- Opening Delimiter -
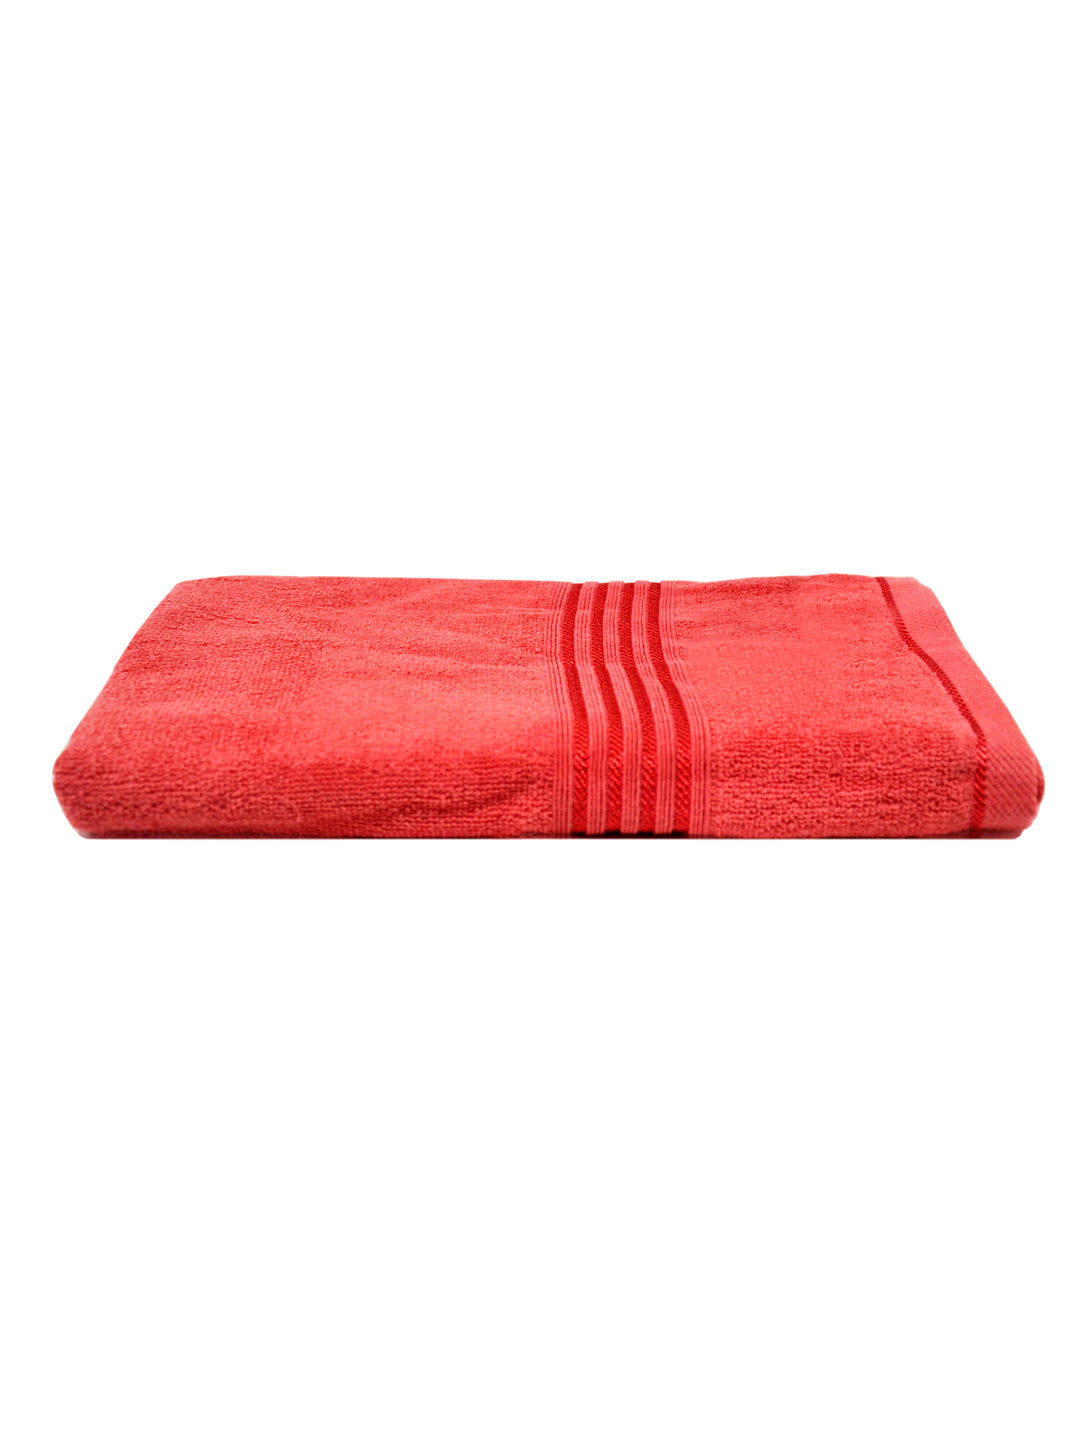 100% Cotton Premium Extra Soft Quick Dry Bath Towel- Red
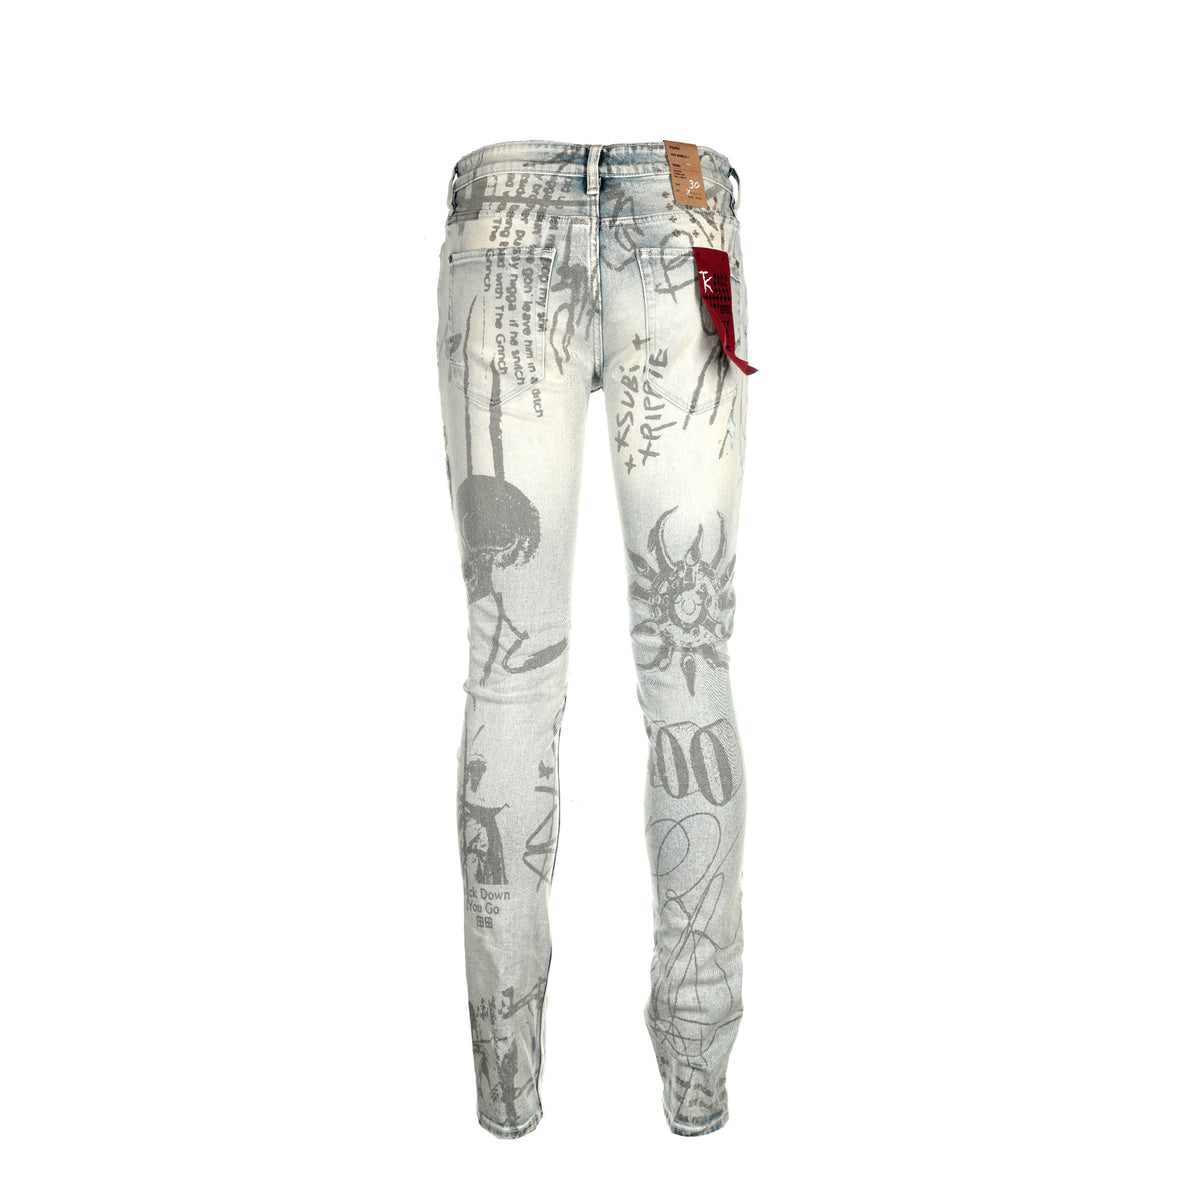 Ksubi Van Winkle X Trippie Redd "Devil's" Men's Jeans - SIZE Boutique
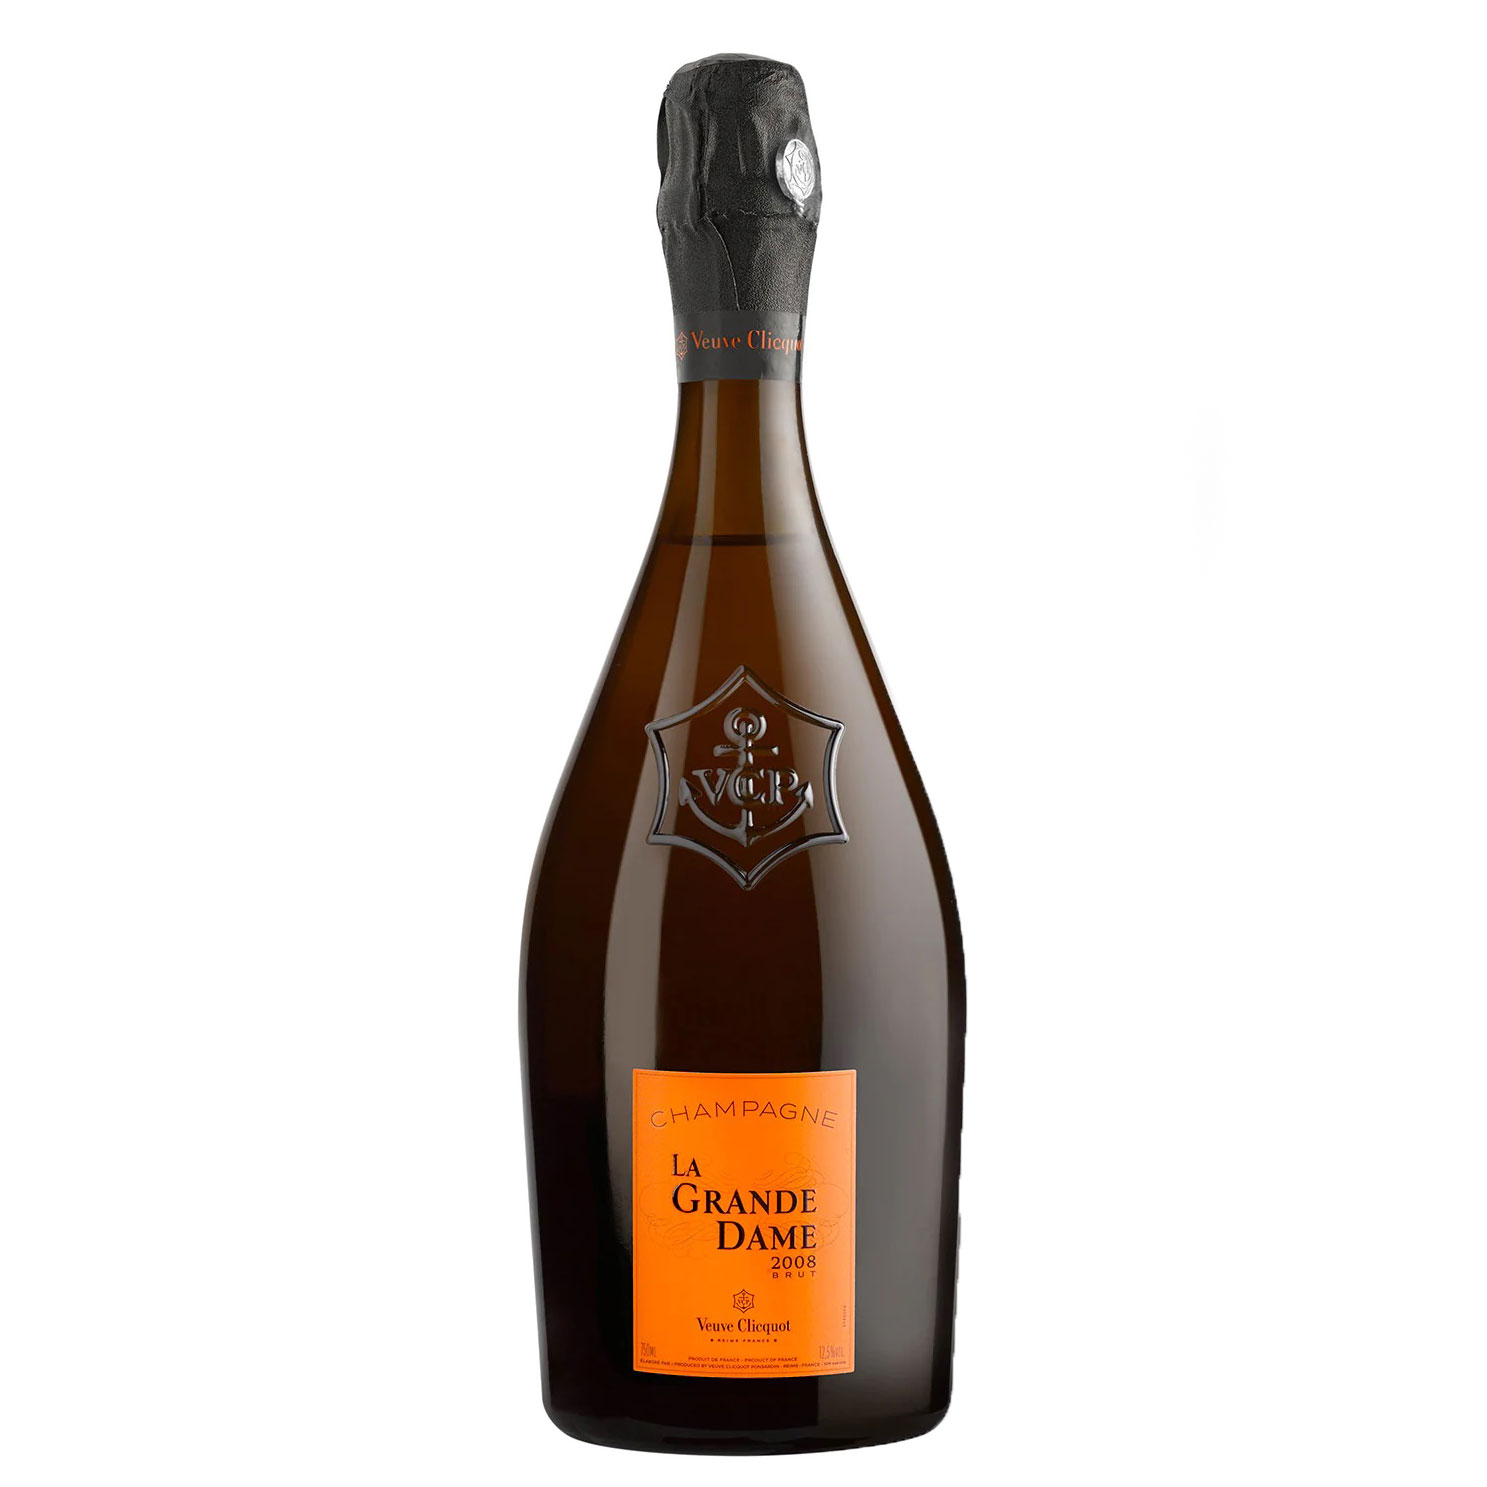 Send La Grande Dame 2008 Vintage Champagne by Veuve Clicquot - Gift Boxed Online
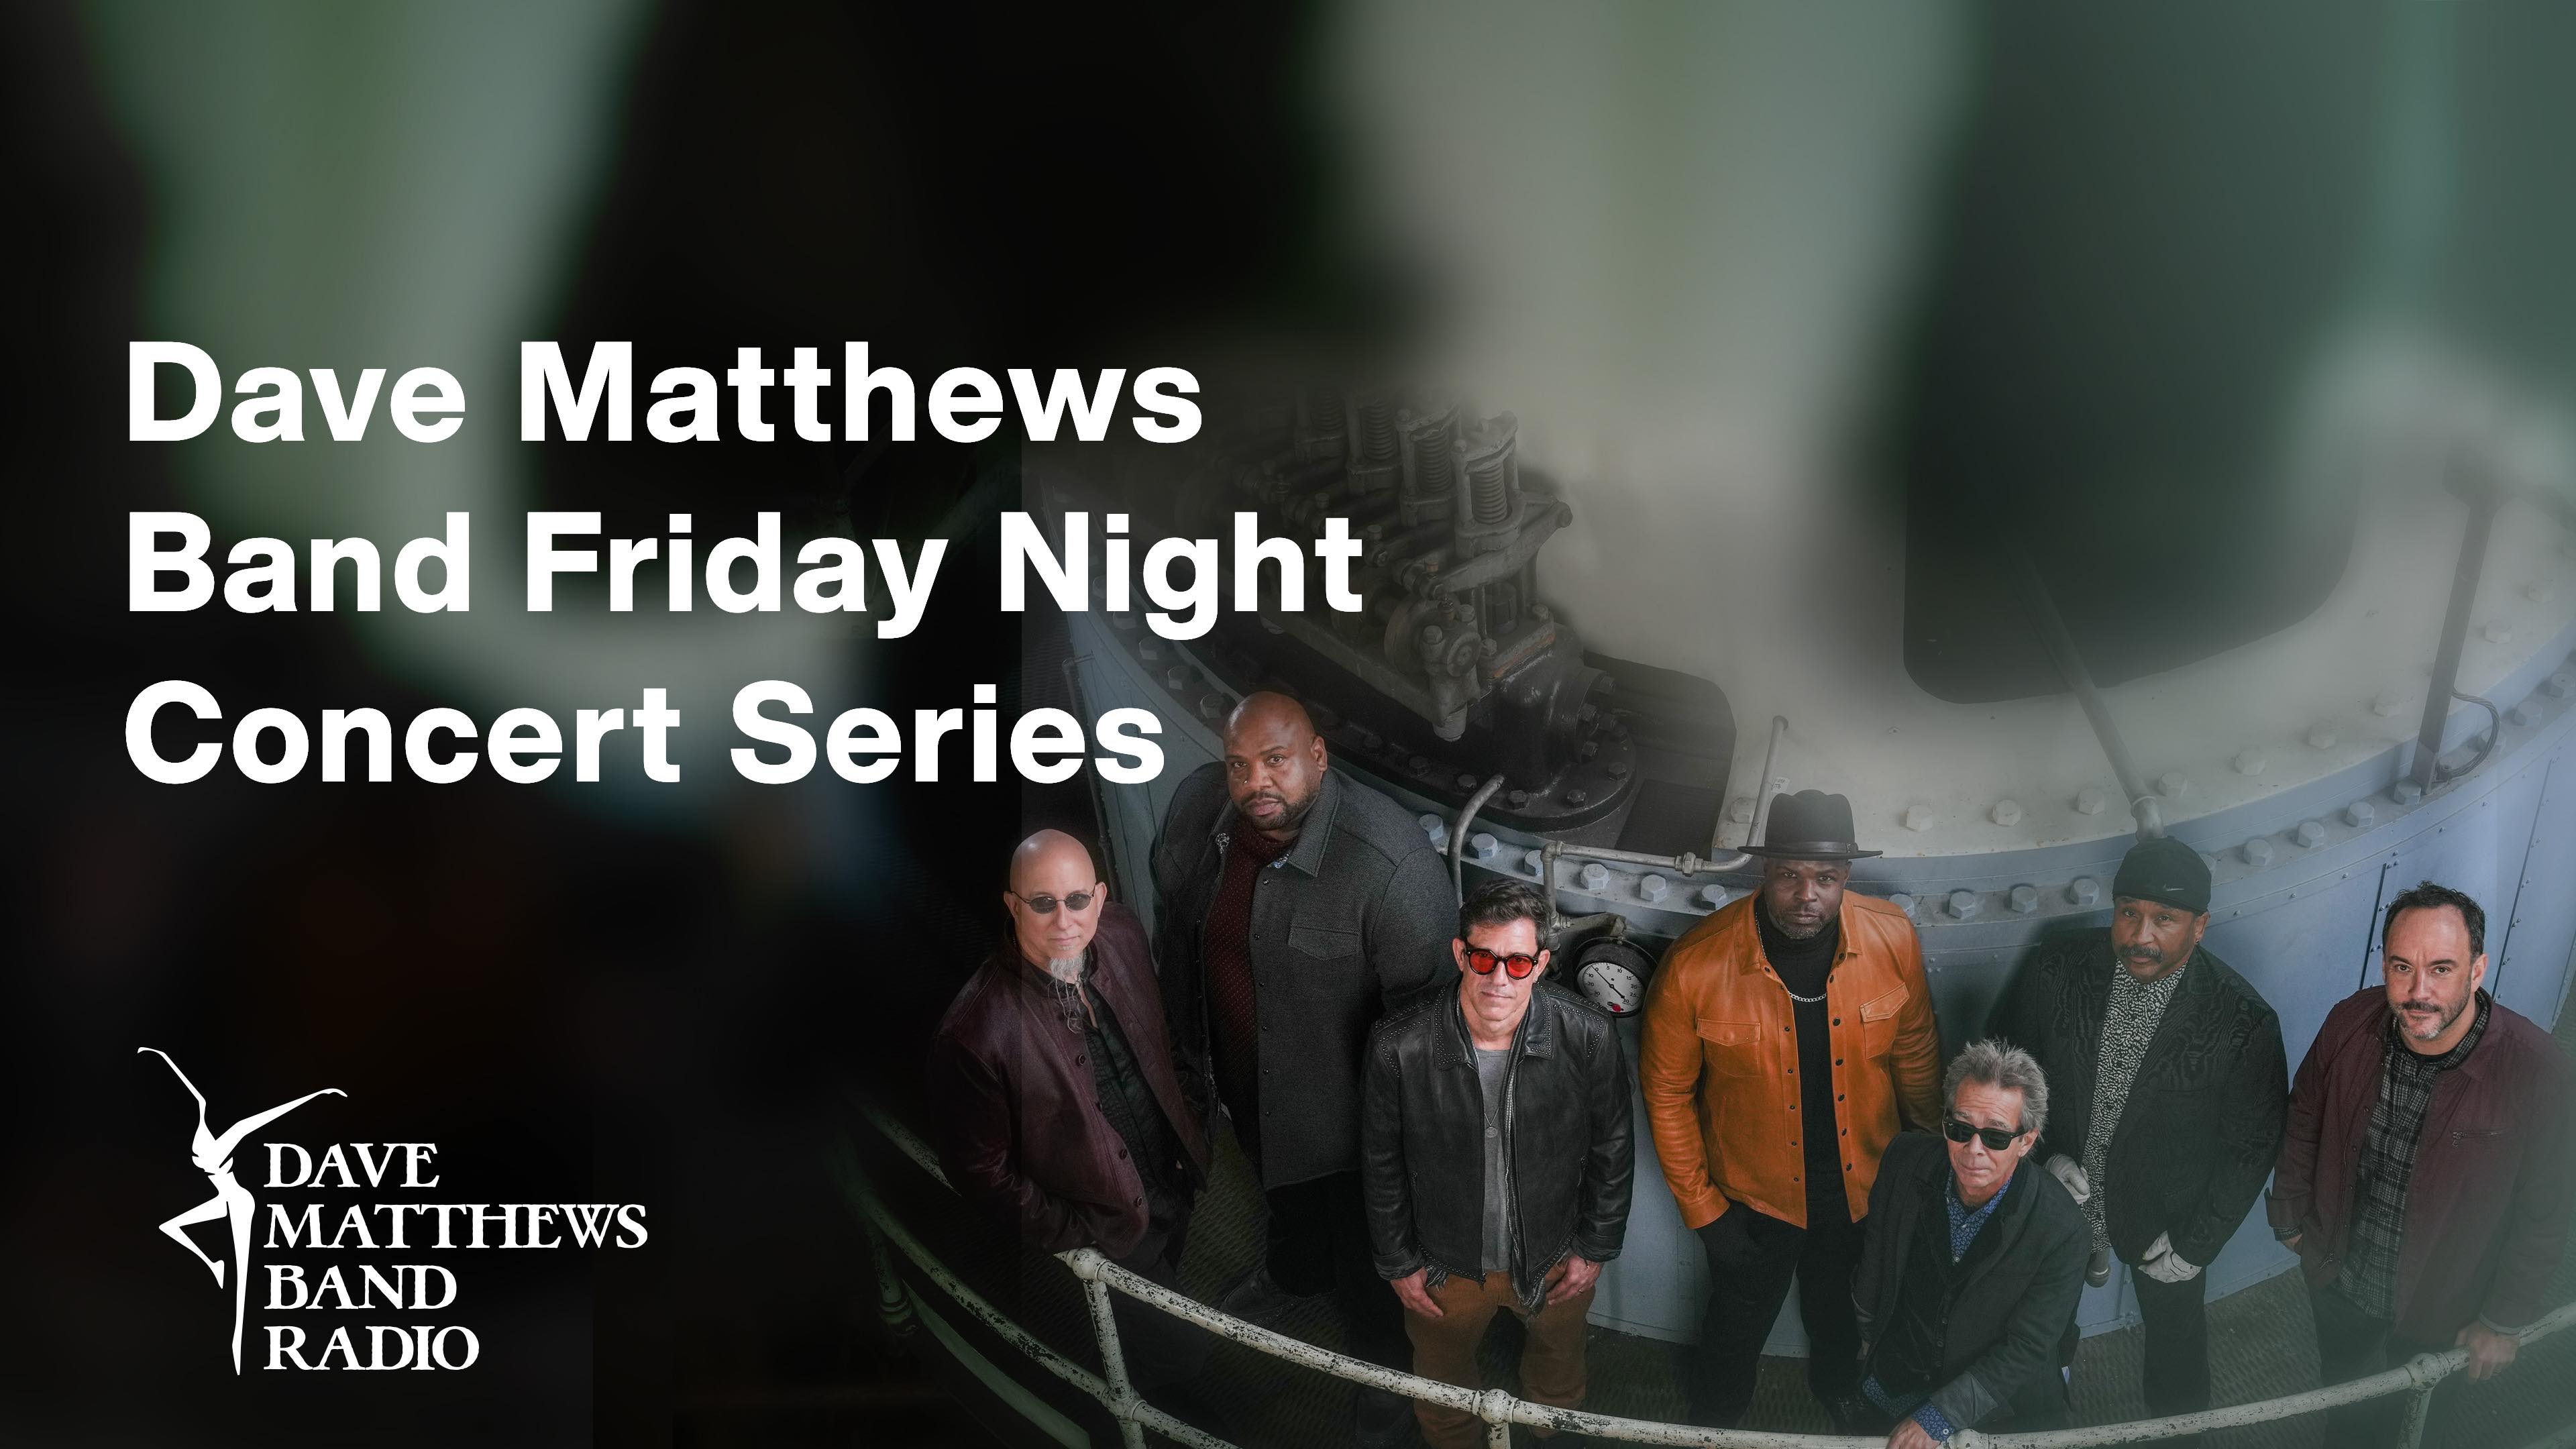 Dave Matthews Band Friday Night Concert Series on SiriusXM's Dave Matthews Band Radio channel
- Closing Delimiter -
● TO DO
Output all of the data above exactly; no pictures should appear.

● ANSWER
 100% Cotton Premium Extra Soft Quick Dry Bath Towel- Red
 Ksubi Van Winkle X Trippie Redd "Devil's" Men's Jeans - SIZE Boutique
 Send La Grande Dame 2008 Vintage Champagne by Veuve Clicquot - Gift Boxed Online
 Dave Matthews Band Friday Night Concert Series on SiriusXM's Dave Matthews Band Radio channel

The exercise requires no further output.